(SOURCE DATA Opens)
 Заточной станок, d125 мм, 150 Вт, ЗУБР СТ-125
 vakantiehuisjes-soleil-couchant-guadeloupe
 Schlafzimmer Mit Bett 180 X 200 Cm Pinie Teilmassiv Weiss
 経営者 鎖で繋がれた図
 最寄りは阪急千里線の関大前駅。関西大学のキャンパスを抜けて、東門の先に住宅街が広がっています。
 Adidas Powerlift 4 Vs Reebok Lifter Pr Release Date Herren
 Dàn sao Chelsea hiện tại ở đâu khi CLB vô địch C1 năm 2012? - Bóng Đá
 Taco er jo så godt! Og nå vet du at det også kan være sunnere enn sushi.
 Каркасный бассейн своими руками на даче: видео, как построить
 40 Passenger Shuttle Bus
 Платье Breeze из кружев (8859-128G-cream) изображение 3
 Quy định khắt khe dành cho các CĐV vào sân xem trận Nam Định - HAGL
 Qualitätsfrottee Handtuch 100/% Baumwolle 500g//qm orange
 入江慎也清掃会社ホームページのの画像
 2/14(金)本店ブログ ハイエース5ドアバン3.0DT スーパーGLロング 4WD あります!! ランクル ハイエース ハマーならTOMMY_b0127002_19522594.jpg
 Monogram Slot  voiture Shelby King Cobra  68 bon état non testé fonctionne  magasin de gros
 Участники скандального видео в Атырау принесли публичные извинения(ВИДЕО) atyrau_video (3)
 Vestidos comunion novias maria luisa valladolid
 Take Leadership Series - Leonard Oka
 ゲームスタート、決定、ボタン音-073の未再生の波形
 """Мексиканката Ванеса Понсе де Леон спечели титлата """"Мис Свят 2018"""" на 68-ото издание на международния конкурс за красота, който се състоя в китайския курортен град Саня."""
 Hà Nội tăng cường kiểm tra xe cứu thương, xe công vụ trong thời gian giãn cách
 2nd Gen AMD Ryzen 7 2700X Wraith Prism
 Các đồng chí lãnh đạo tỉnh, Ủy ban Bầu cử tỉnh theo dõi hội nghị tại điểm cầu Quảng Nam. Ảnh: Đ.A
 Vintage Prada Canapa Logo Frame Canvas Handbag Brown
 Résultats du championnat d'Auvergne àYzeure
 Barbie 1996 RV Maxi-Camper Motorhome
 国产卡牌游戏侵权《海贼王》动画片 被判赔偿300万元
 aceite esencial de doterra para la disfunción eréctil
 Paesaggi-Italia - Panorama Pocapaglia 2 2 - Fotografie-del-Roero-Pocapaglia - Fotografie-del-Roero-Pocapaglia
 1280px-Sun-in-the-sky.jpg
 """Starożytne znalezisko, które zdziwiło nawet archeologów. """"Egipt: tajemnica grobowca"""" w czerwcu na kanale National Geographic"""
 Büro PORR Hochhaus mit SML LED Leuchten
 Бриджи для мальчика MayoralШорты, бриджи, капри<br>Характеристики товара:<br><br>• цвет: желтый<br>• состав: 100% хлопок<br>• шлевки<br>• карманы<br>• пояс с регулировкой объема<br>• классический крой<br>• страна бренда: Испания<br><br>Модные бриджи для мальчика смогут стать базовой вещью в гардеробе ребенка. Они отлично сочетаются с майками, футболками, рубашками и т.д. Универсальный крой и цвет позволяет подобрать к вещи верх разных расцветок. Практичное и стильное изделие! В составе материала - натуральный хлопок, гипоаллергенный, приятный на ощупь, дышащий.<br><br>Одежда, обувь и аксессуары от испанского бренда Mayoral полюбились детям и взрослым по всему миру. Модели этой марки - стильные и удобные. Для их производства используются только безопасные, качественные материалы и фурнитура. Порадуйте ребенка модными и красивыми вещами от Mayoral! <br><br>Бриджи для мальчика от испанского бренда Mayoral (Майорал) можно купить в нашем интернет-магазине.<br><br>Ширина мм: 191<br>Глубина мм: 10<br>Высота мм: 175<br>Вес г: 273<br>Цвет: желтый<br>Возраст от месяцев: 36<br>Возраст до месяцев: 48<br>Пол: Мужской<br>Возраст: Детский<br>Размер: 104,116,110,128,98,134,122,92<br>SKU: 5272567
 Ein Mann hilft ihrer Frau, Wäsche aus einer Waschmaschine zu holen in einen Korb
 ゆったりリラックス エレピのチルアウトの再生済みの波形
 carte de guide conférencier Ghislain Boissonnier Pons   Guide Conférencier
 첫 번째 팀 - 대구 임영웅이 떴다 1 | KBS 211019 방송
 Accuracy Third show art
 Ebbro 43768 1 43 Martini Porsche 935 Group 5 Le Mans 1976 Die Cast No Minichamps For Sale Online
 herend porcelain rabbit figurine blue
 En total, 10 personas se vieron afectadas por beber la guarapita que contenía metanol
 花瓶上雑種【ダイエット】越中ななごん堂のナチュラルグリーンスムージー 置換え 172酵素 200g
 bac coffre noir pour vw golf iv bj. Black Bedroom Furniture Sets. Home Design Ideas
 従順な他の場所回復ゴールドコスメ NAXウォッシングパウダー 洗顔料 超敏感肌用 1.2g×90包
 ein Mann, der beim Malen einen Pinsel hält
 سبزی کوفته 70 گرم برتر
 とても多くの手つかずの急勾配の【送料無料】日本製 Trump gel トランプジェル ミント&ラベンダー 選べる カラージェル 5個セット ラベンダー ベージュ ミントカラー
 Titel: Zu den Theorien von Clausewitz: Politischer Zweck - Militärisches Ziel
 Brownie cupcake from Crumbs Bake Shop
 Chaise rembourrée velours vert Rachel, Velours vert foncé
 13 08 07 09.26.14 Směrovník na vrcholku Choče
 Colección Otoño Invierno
(SOURCE DATA Closes)
EXERCISE DESCRIPTION:
Some lines in the data above hold the string "Mann". Find and copy each of them.

WRITTEN RESPONSE:
 Ein Mann hilft ihrer Frau, Wäsche aus einer Waschmaschine zu holen in einen Korb
 ein Mann, der beim Malen einen Pinsel hält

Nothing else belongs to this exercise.